I don’t mean to be ungrateful or unappreciative. But summoning the courage to look in the mirror, I barely recognize the drawn face I see there. How did this happen, I ask myself even as I note that the face in the mirror is fast becoming the face of my father and his five siblings, three of whom lived into their 90s. This patrilineal resemblance, less frequently glimpsed when I was younger, was once a source of curiosity, belonging, even reassurance. Now it elicits equal measures of disbelief and resignation.
I don’t linger at the mirror. My feminist self tells me to appreciate beauty in all its diverse forms, including the aging body. My less confident self finds it hard to stave off a culture in which most seek to be younger or, at the very least, to appear younger than their years. Cosmetic adjustments proliferate, hours at the gym escalate, and gurus of style management abound.
While driving to the East Hampton RECenter I hear Joan Rivers, icon of the ageless society, opine on the car radio: If we can feel better about ourselves, younger and more self-assured, then why not make the purchase, undertake the surgery, succumb to the treatments? Encouraging us to seize every opportunity to indulge the fantasy of living longer but never aging, Rivers, like others, does not stop to ask why we might feel bad in the first place.
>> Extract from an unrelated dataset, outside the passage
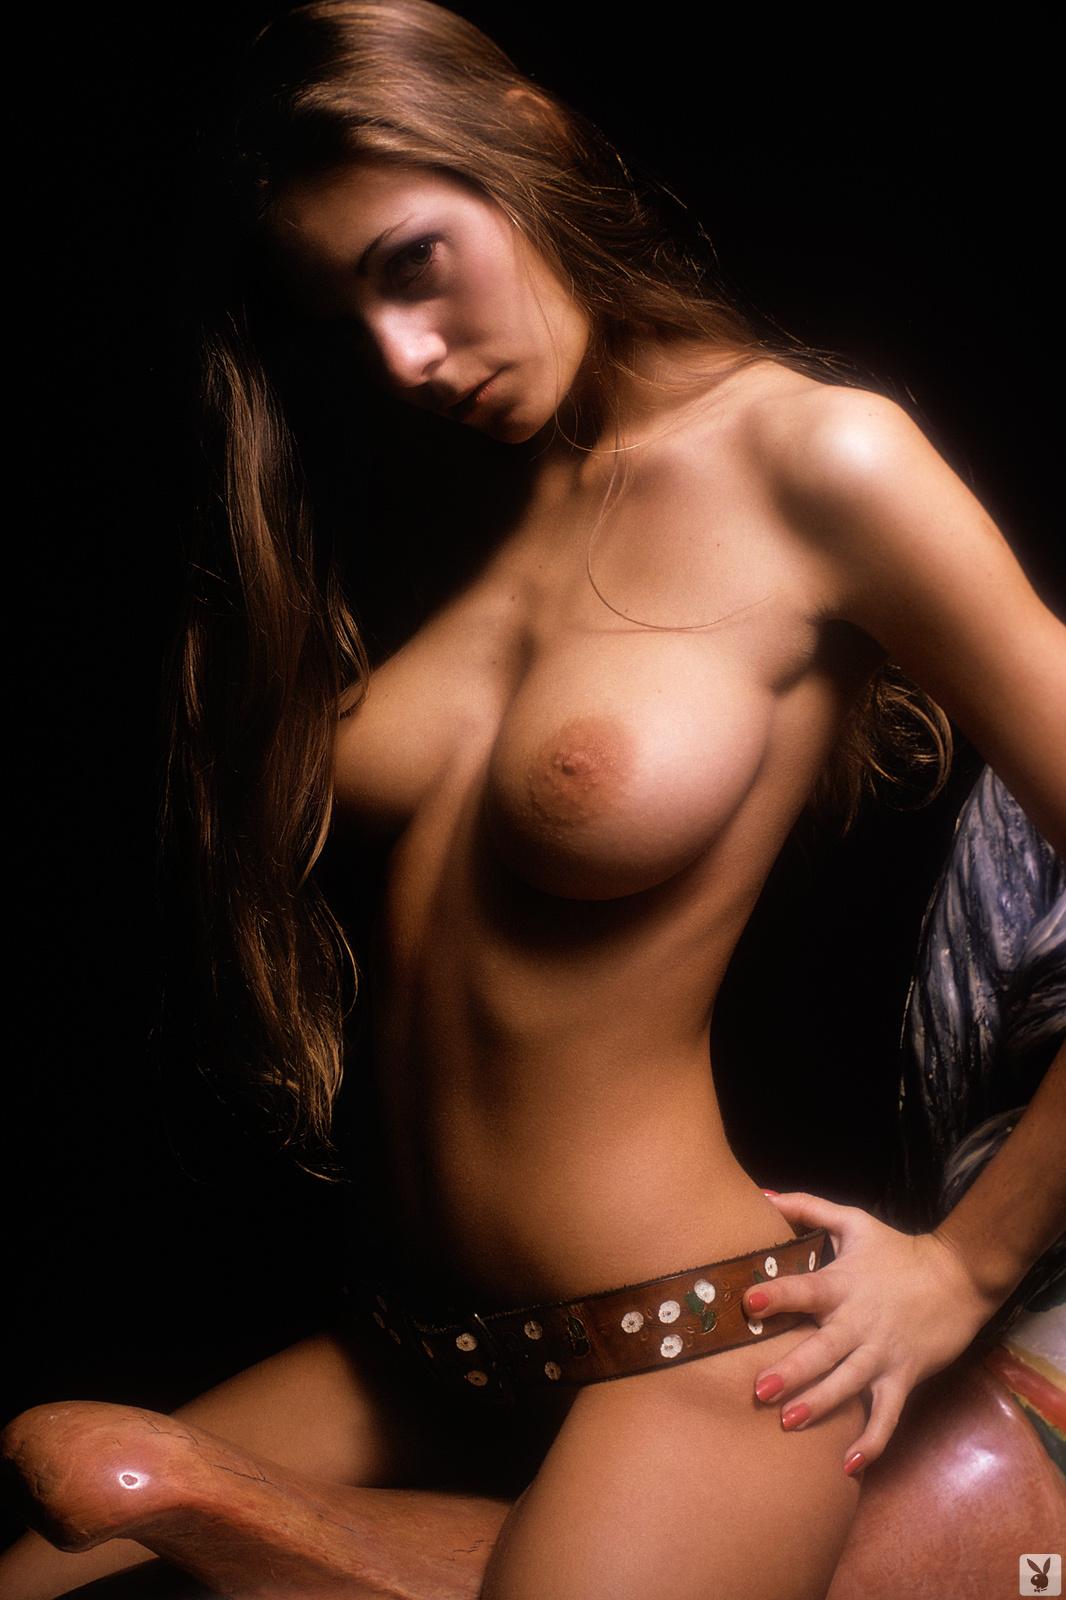 sandy johnson nude

It’s all about the answer, the solution, not the question or, more critically, about how the problem itself was manufactured in the first place.
In calm, reflective moments I remind myself that a postindustrial consumer society creates a constantly escalating set of needs that we experience as our own deficiencies. These supposed deficiencies, read as personal failings, can be rectified only through the consumption of new goods and services.
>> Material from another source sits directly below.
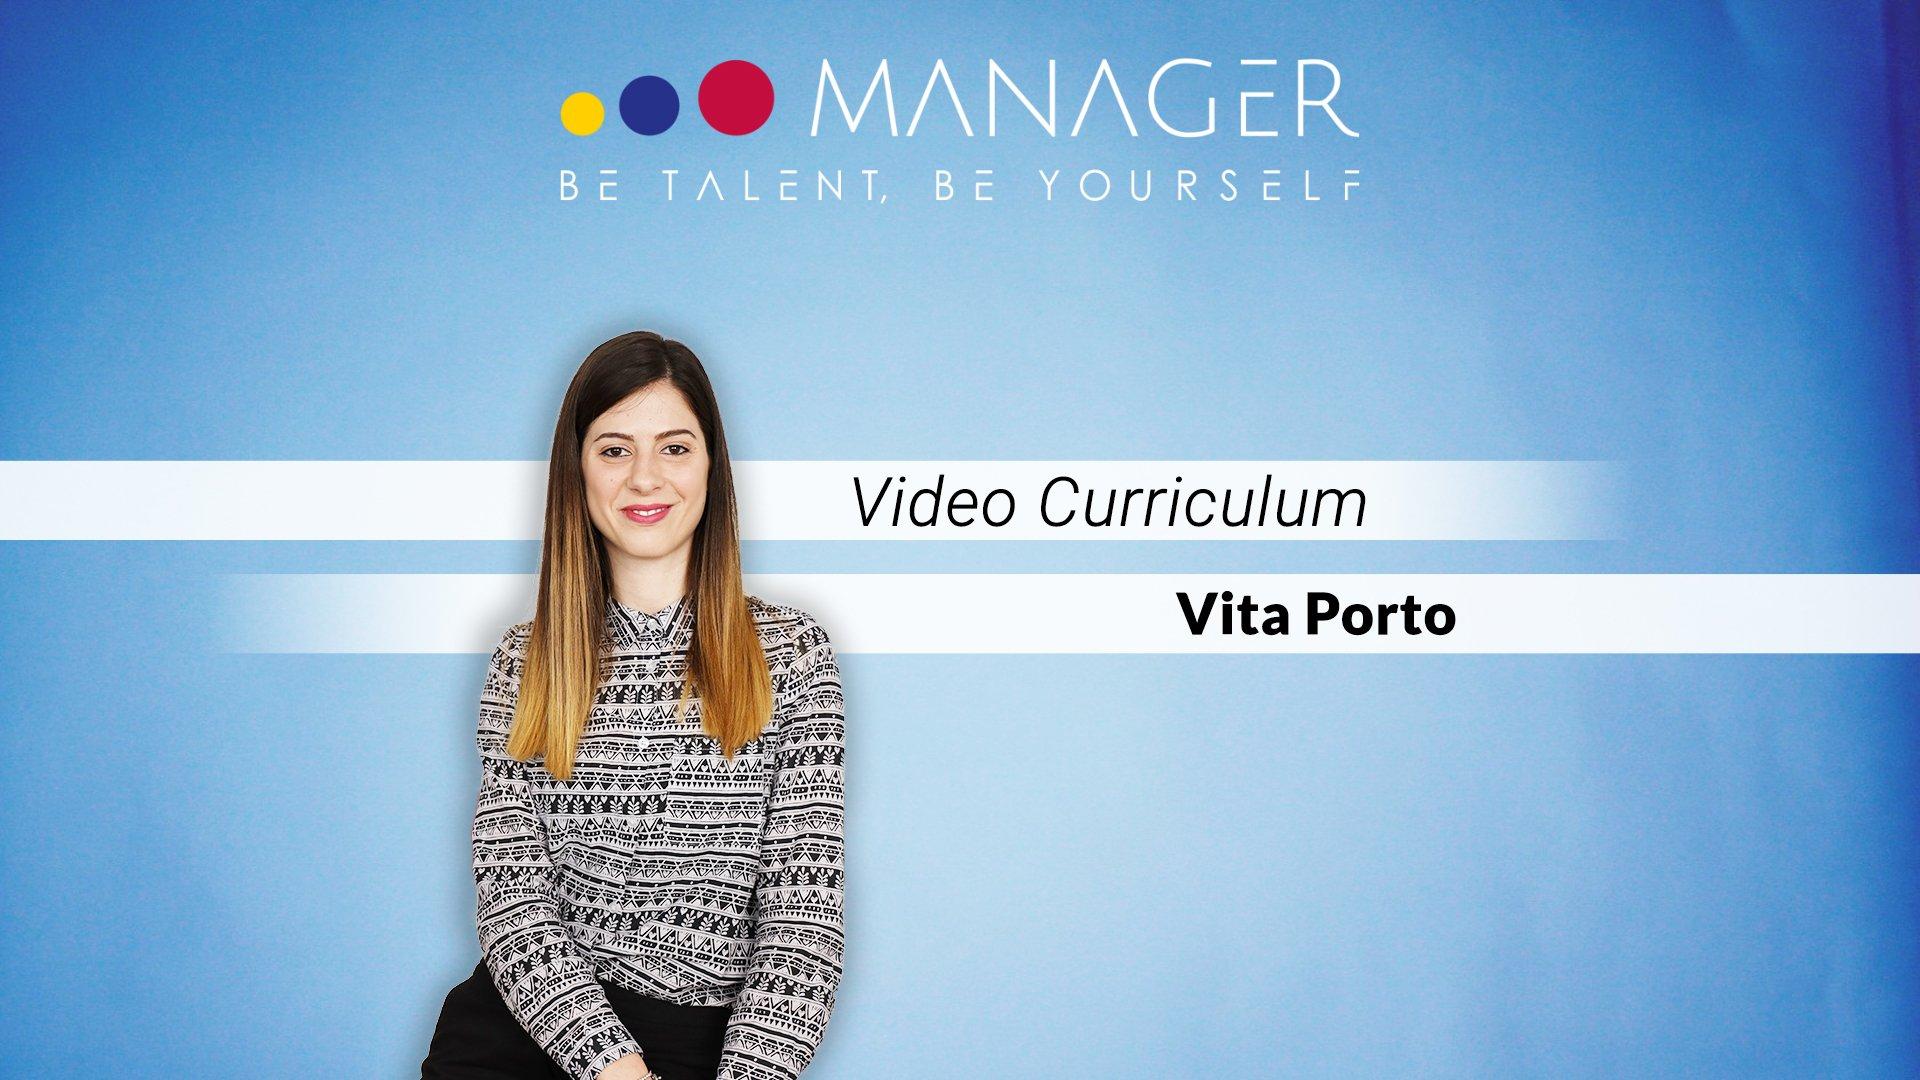 Vita Porto

When roaming the aisles of my local Gap store or perusing the latest issue of GQ in the dentist’s office, I find it hard to resist the products that promise to make me look and feel even a few years younger, hipper and of the moment. When trying on a new pair of summer shorts I carefully assess their age appropriateness. Too trendy, too stodgy — how young can I go? How old do I feel?
This year my internal dialogue also included a new refrain — “You can’t take it with you.” In addition to numerous small purchases, I gave myself a series of more expensive gifts — a visit with my niece in Hong Kong, a longed-for new computer, and sessions with a personal trainer to counter my preference for aerobic exercise at the expense of strength-building routines.
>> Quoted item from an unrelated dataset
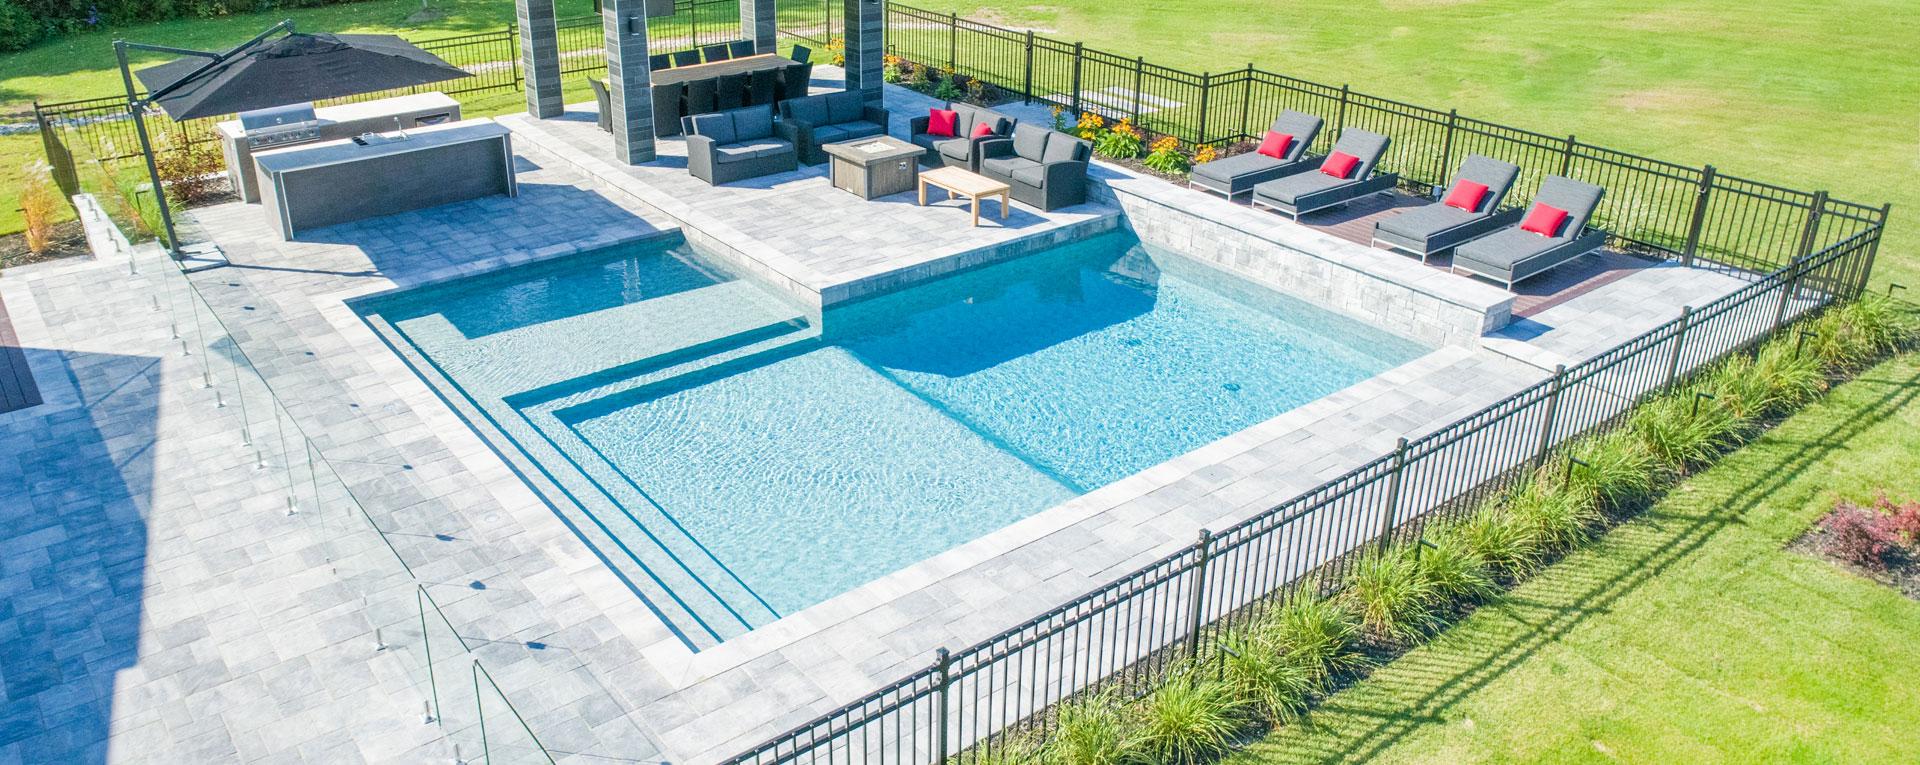 Piscine creus e et installation laval montr al piscine for Ouverture piscine

Cushioned by all these preparations, the formal passage from middle age to young-old age was, dare I admit it, pleasurable. The day itself, marked by a small surprise party, lovingly organized by David and a lifetime first for me, was pitch-perfect.
From my new vantage point, I can even see the country of the old-old with far less apprehension than previously. The difficult decade of caring for my frail parents is finally receding into the past. And I look with greater equanimity on the future, less a time of decline and despair and more practically a period for which I will need to prepare. Most of all I suspect that this birthday, my 70th, has given me renewed confidence in my ability to manage life transitions, to meet the moment and make the most of it.
Jonathan Silin lives in Amagansett and Toronto. He is the author of “My Father’s Keeper: The Story of a Gay Son and His Aging Parents.”